The engine works quietly and safely. It’s feature-flagged, read-only, and non-disruptive, meaning it observes rather than alters live behavior. By grouping similar tasks through keyword and complexity analysis, it identifies which strategies have historically worked best. When a new task appears, it checks for pattern matches and offers transparent recommendations only if confidence is high. Early analysis of 41 feedback records revealed healthy consistency — no over-engineering and clear success clusters across styling, review, and debugging tasks. Everything remains stable and fully backward compatible, supported by 24 automated tests.

This project reminded me that meaningful improvement doesn’t require sweeping change — it comes from structured evolution. By adding a safe analytical layer, the Prompt Builder now has the foundation to grow intelligently, phase by phase. It’s a cautious but powerful step toward an AI that learns from real-world experience rather than static rules — the essence of agentic context engineering.

Guardrail

I built Guardrail Gateway as an AI safety platform to make interactions with Large Language Models more secure and transparent. It adds a layer of content filtering, policy enforcement, and audit logging between applications and providers such as OpenAI. The system runs on a FastAPI backend with a React frontend, acting as an intelligent proxy that checks every request and response against a set of customizable safety policies before it reaches the model.

The core of the platform is a policy engine that uses regex-based rules with adjustable severity levels and actions like blocking, warning, or redacting content. Right now, I’ve implemented two main policy sets: one for detecting and redacting personally identifiable information, and another for identifying prompt injections or attempts to extract system prompts. Every event is logged for traceability and compliance.

Developers (including myself) can test and tune policies through a web interface, which includes tools for validating configurations, managing policies, and reviewing audit logs. The system uses SQLite for development and PostgreSQL for production, with JWT authentication for secure access and UUID support across databases.

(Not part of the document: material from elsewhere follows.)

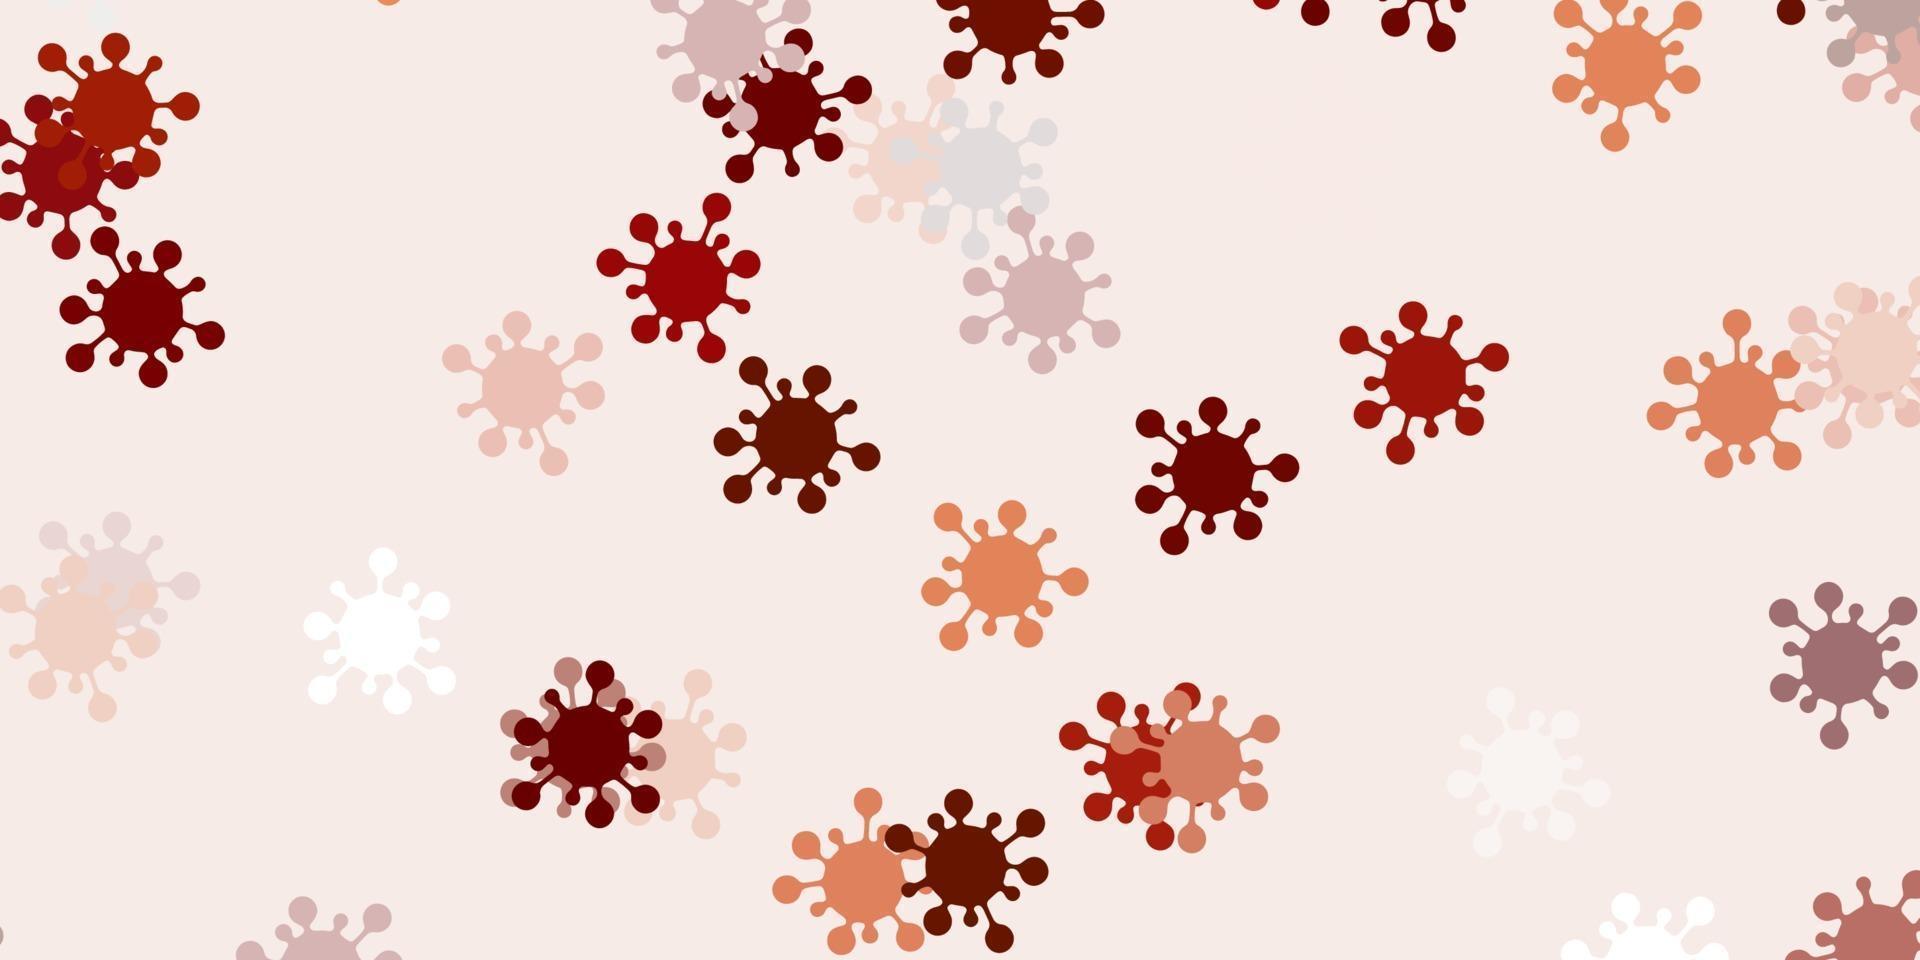 pano de fundo vector rosa claro com símbolos de vírus.

Typical requests — from scanning to response logging — complete in about two seconds, with most scans finishing in under 50 ms.

I designed Guardrail Gateway to run quietly in the background, using Python’s asyncio loop on a high port (58001) to minimize interference with other services. It’s written for Python 3.13 and built to scale horizontally thanks to its stateless API design. The frontend, built in React with TypeScript and Vite, includes full documentation for both developers and AI agents.

Search is here

I've finally added a search functionality to my blog, after many months of deliberating over styling and performance impact. After considering various options, I implemented a lightweight client-side search that lets readers quickly find posts by typing keywords into the search box now positioned in the header. The search looks through post titles and content excerpts, highlighting matching terms and displaying up to 10 results in a dropdown. It's nothing revolutionary, but it works well — searches execute in under 10 milliseconds once the index is loaded, and the whole implementation adds just 5KB of JavaScript and CSS to the initial page load.

Search uses a lazy-loading mechanism. Rather than forcing every visitor to download the 143KB search index (containing data for all 629 posts), the index only loads when someone actually clicks or tabs into the search box. This means most visitors who come to read a specific post aren't penalized with extra download time they'll never use. When someone does focus the search input, the index loads in the background while they're typing their query — if they've already entered text by the time it loads, the search runs automatically. It's a simple optimization, but it keeps the blog fast for everyone while still providing instant search for those who need it. The entire search feature added less than half a second to my build time, which felt like a reasonable trade-off for the functionality gained.